Progress being made with a Brexit “reset”
The Government’s ‘reset’ with the EU is undoubtedly a step forward. The UK–EU Summit last May showed a willingness to move forward together. And for many sectors, progress is being made – albeit too slowly.
An eventual veterinary agreement would remove much of the paperwork and cost associated with trading agri-food with the EU – one of the industry’s greatest demands. Returning to the EU’s internal electricity market would replace the inefficient trading systems we currently have, which are costing hundreds of millions of pounds a year – costs ultimately passed on to consumers. Linking our carbon trading system back to the EU’s – which the UK helped to design – would remove the need for the punishing carbon border taxes on goods traded between the UK and EU, which are due to come in next year.
All of this is welcome. But – and it is a big but – these steps alone will not reverse the long-term damage. They are fine-tuning mechanisms, not economic transformation.

So, what must come next?
First, we need a clear, staged strategy to return the UK to the heart of Europe. At the European Movement, we have long advocated a step-by-step approach – ambitious, deliberate, and honest with the public. We know UK–EU summits will become annual events. They should not be photo opportunities but milestones. Each should deliver specific progress: on market access, smoother trade in goods and services, and sector-by-sector reintegration. We should be thinking not just about the next summit, but the one after that, and the one after that – each taking us closer to where we need to be.
Second, the British public must be able to see and feel the benefits. It is no longer enough to simply promise improved trade. People need to see jobs created, exports growing, household energy bills falling, festivals and sport enriched by easier travel, and professional careers no longer held back by red tape. Unless the gains are visible and tangible, any policy will lack legitimacy.
Third – and most importantly – we must recognise that the most powerful changes lie deeper than incremental fixes. For real, transformational benefit, we must rebuild access to the single market – not just for goods, but for services and people: professionals, artists, musicians, touring performers, universities, and researchers. These human and economic links matter as much as the numbers. And we must work towards a UK–EU customs territory. That does not mean automatically re-joining the Customs Union, but it does mean developing a customs-union-style arrangement.

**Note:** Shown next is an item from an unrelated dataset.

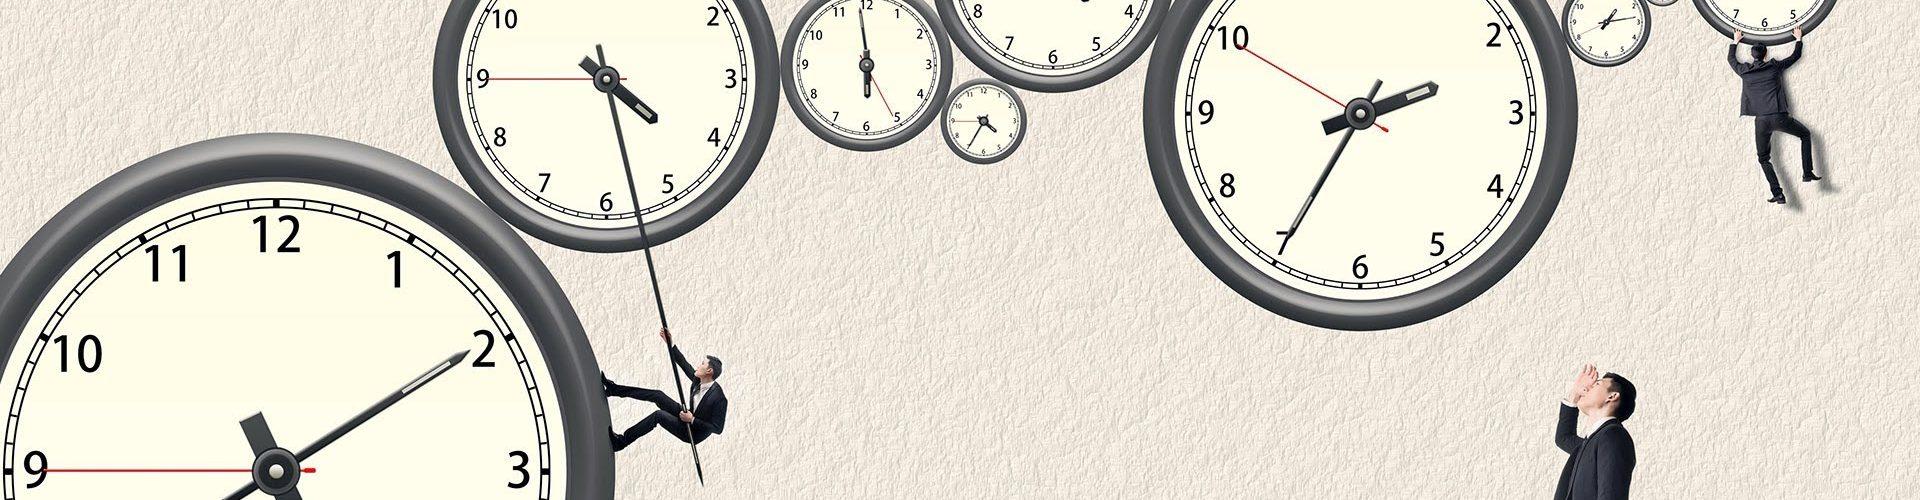 Сколько стоит минута вашего времени?

Final thought: Brexit and the Budget
In short, yes, I welcome the Government’s new honesty about the economic damage of leaving the EU. It is overdue. But if Ministers are serious about that damage, then words are not enough. The Government must be bolder. It needs to go further and faster and not be paralysed by fear of Reform or by those still fighting the battles of 2016. The public are ahead of the politicians on this – they can see the costs in their jobs, their shops, their bills, and their children’s opportunities. So let us tell the truth about where the blame lies – and then have the courage to fix it.